Marginal posterior summaries of several model parameters.

Parameter Description Mean (median) MC error for mean 95% Credible interval
μ Overall log RR –0.5963 (–0.6064) 0.0651 –1.2493 to 0.07618
β0 Same-day mortality 0.0025 (0.0026) 0.0002 –0.0040 to 0.0092
β1 Lagged mortality (1) 0.0039 (0.0038) 0.0003 –0.0034 to 0.0115
β2 Lagged mortality (2) 0.0108 (0.0108) 0.0003 0.0028 to 0.0181
β3 Lagged mortality (3) –0.0011 (–0.0010) 0.0002 –0.0078 to 0.0051
σz2 Simulator variance 20.2853 (20.9932) 0.1489 12.3870 to 24.8422
σx2 Monitor error 1.6495 (1.6476) 0.0009 1.5594 to 1.7457
θ0 Mean PM2.5 (μg/m3) 9.6856 (9.6916) 0.0275 6.1121 to 13.1849
θ1 Maximum temperature (°F) 0.0879 (0.0872) 0.0006 0.0224 to 0.1527
θ2 Wind speed (miles/hr) –0.0799 (–0.0798) 0.0009 –0.1607 to 0.0024
θ3 Sine term –0.8764 (–0.8699) 0.0061 –1.4987 to –0.2455
θ4 Cosine term –1.3451 (–1.3528) 0.0091 –2.3660 to –0.3142

Abbreviations: MC, Monte Carlo; RR, relative risk.

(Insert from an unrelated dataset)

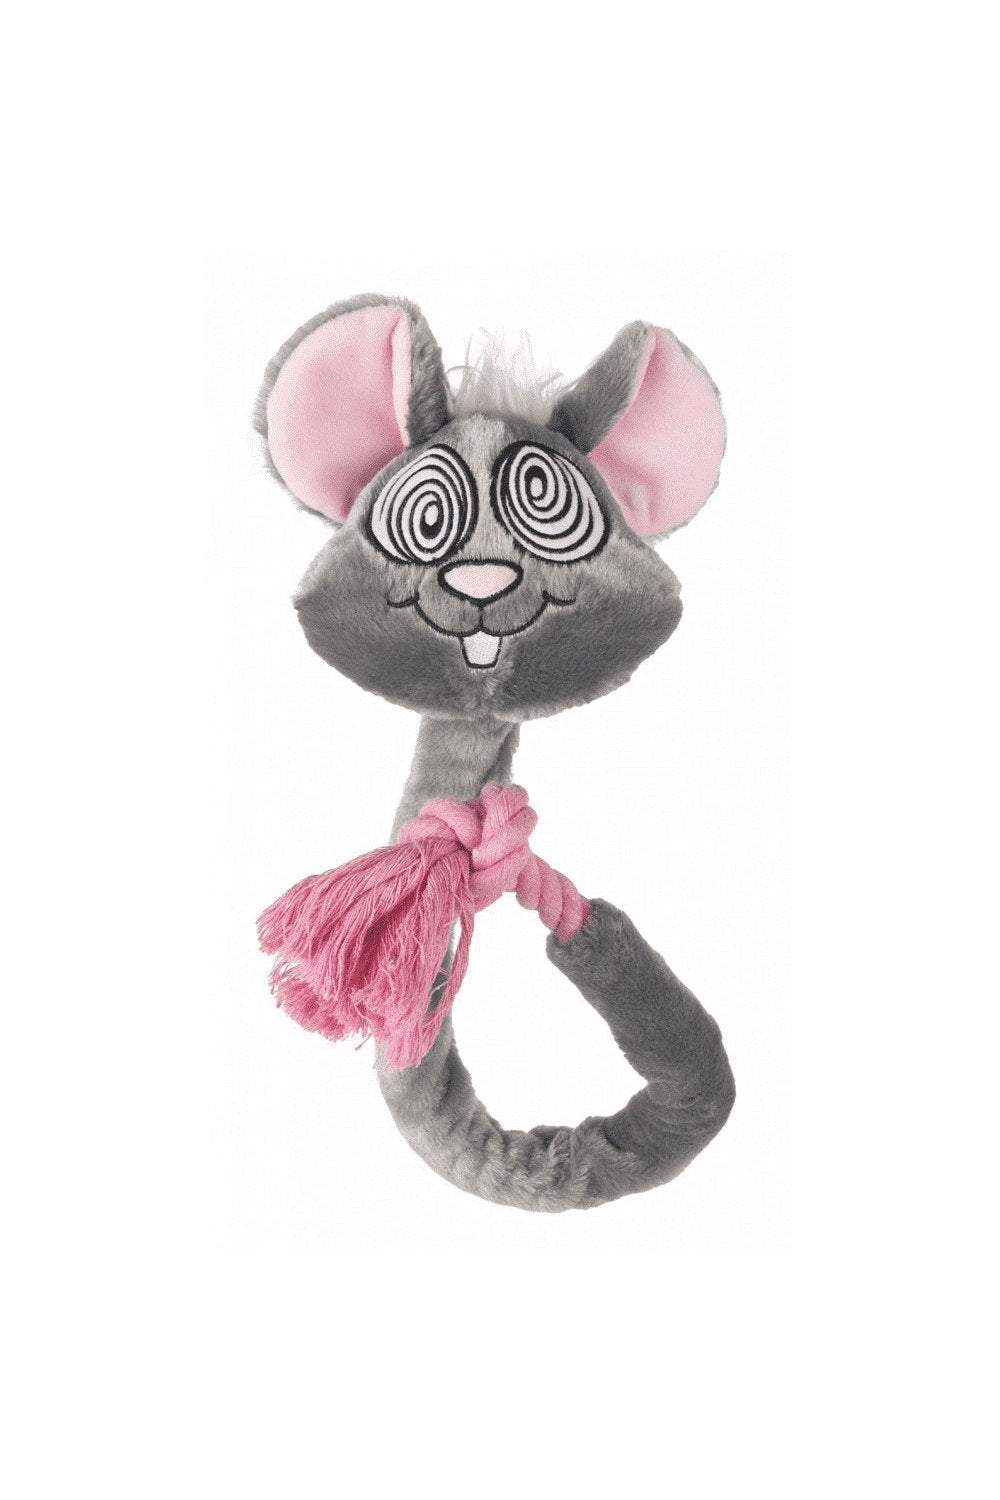 Fofos Eye Mouse Rope Dog Toy (Gray/Pink) (One Size)
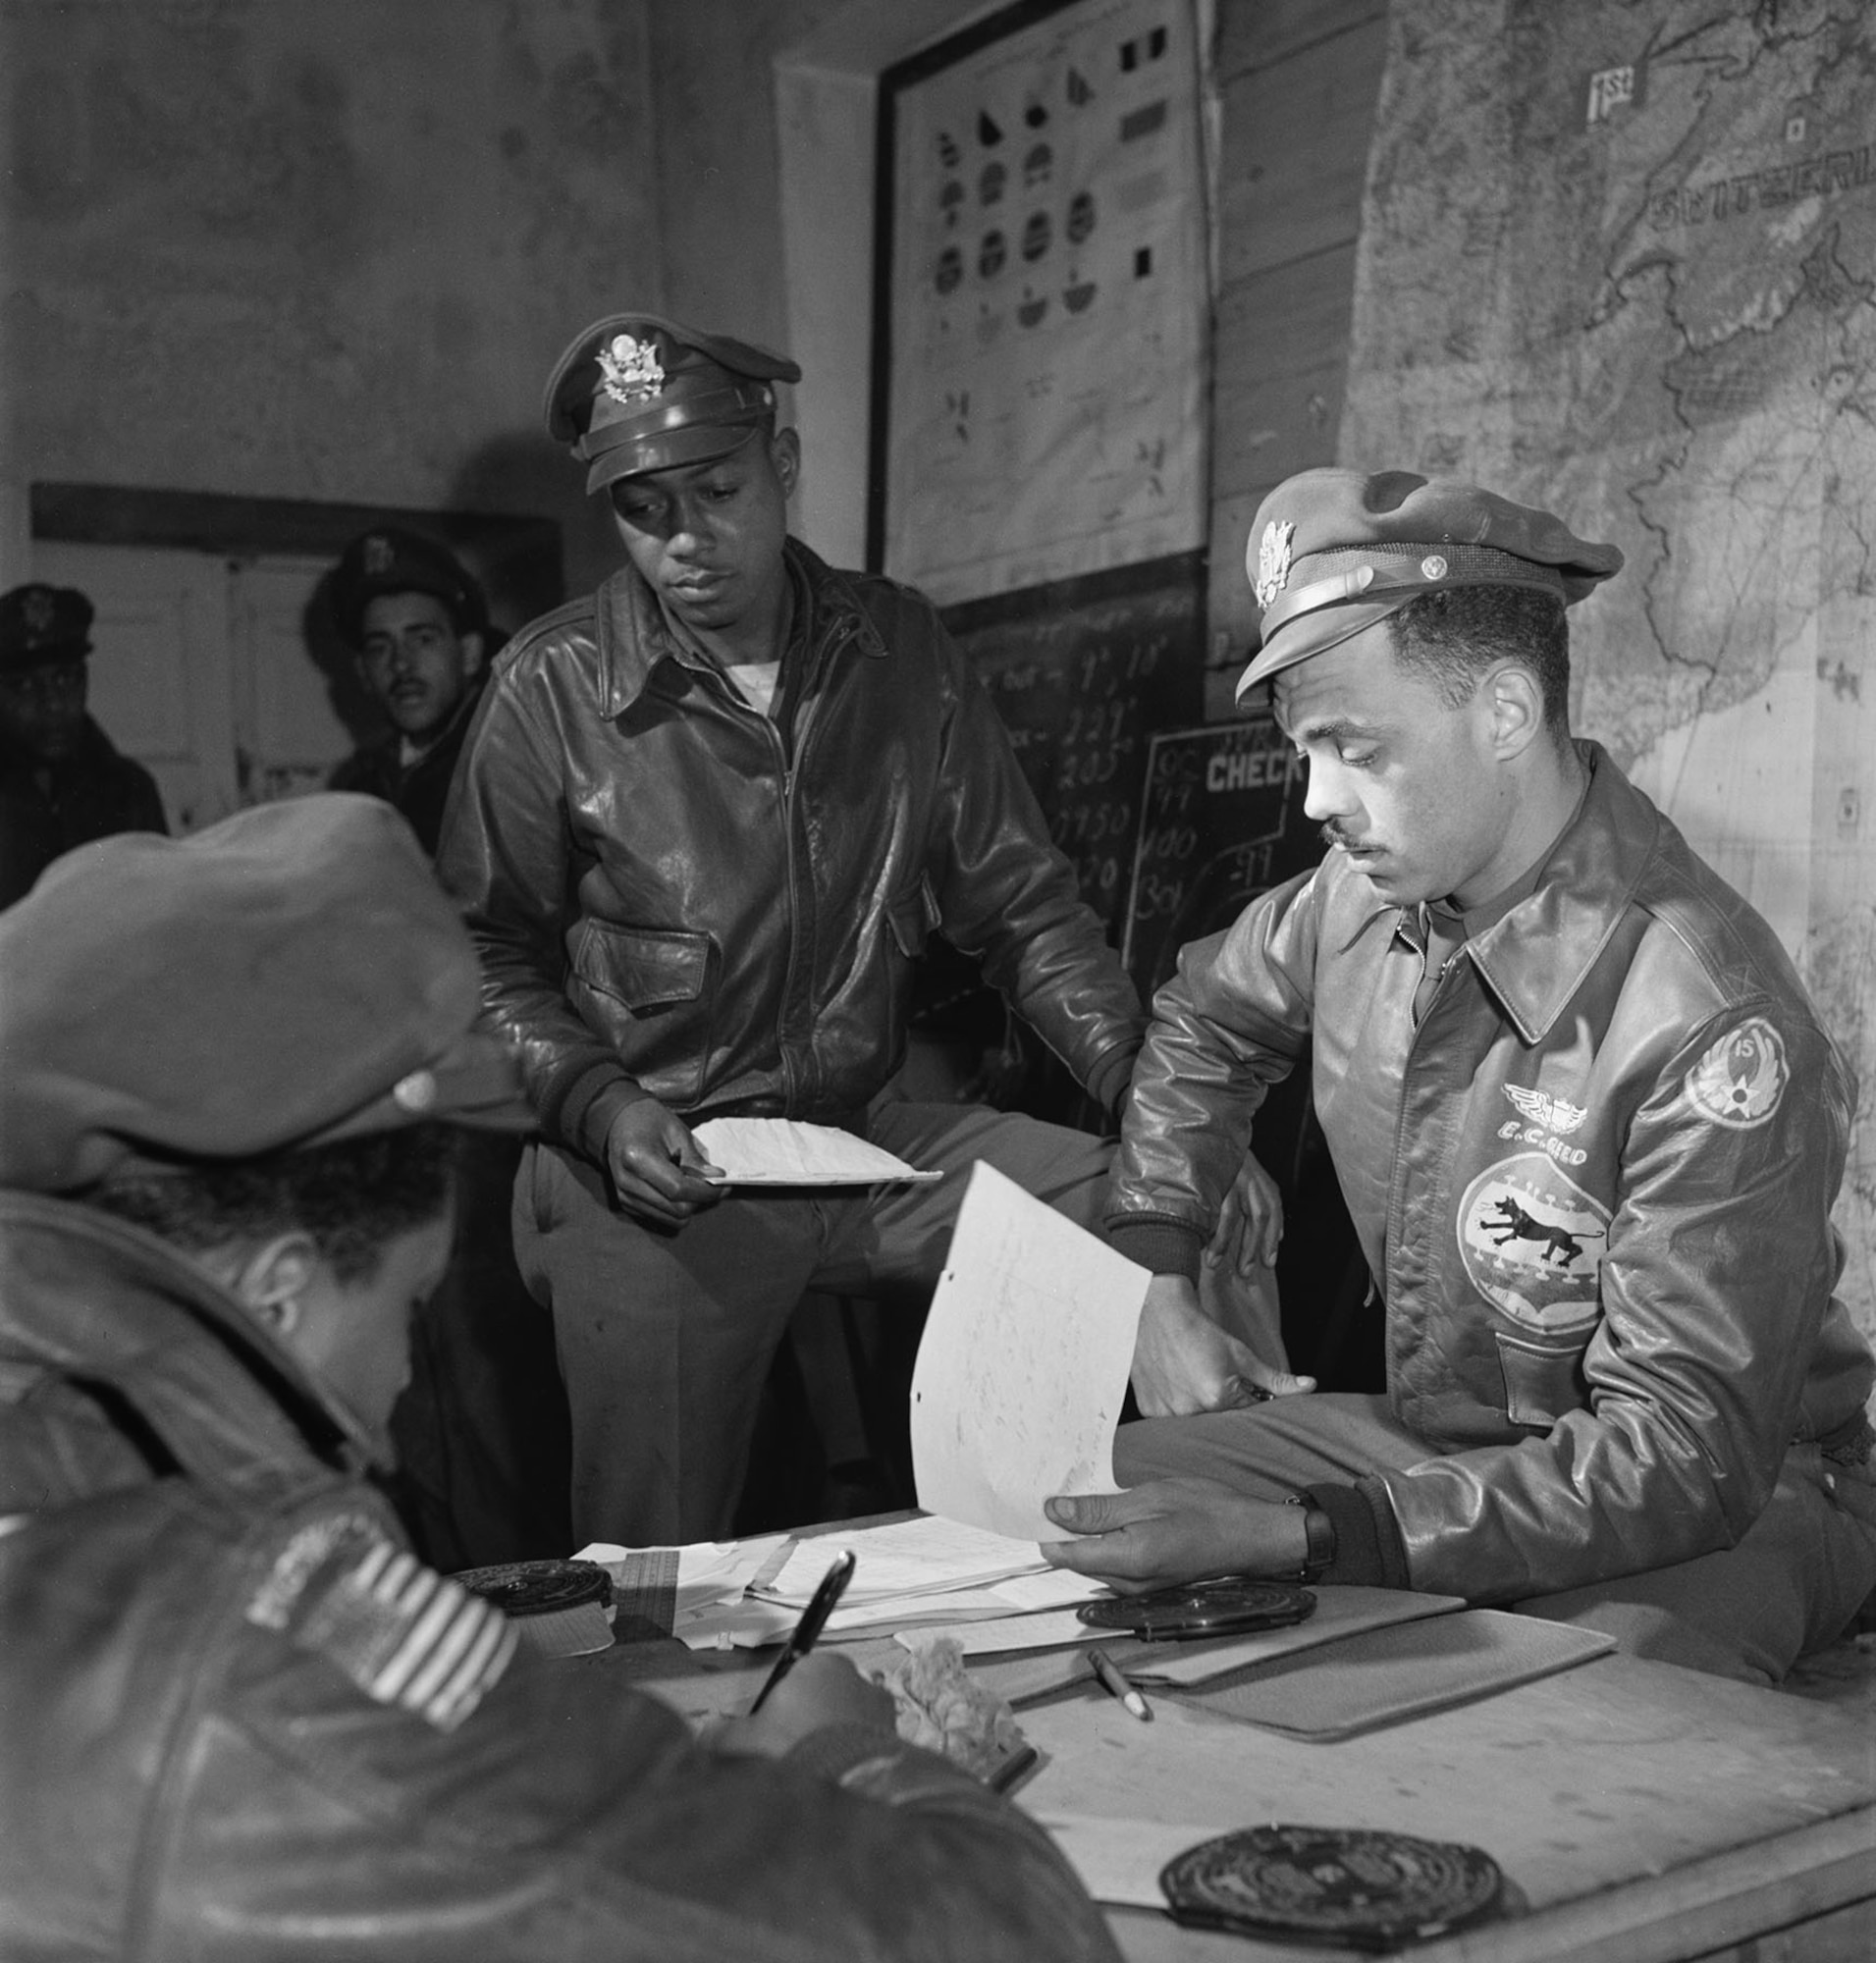 Wearing the jacket on display at the National Museum of the U.S. Air Force, Capt. (later Col.) Edward C. Gleed (right), the 332nd Fighter Group’s operations officer and Lt. (later Lt. Col.) Woodrow W. Crockett (center) plan for a mission in March 1945. Note that Gleed later removed the 15th Air Force emblem from the jacket’s left sleeve. (U.S. Air Force photo)

The posterior analysis indicates a positive effect of PM2.5 exposure on the relative risk of cardiovascular mortality. The posterior marginal expectations of the parameters indicate that a 10-μg/m3 increase in average PM2.5 exposure is associated with a 2.5% increase (95% credible interval, –3.9 to 9.6) in the relative risk of current day cardiovascular mortality, a 4.0% increase (–3.3 to 12.2) in the relative risk of cardiovascular mortality the next day, an 11.4% increase (2.8 to 19.8) in the relative risk of cardiovascular mortality 2 days later, and a 1.1% decrease (–7.5 to 5.2) in the relative risk of cardiovascular mortality 3 days later. These rates were calculated by multiplying the β-value corresponding to the effect by 10 and exponentiating. Only the effect on the second day after exposure has a > 95% posterior probability of exceeding zero. Note that the estimates presented are marginal expectations and therefore cannot be added together (e.g., to get an overall risk of cardiovascular mortality from exposure to PM2.5) in a meaningful way. The negative estimate on the third day might be considered an unexpected effect, but it does lend some support to the theory of harvesting (Schwartz 2000). This theory hypothesizes that individuals close to dying of cardiovascular-related causes may die soon after a spike in PM2.5 exposure, leaving only healthier individuals and consequently decreasing the overall risk of cardiovascular mortality in the total population.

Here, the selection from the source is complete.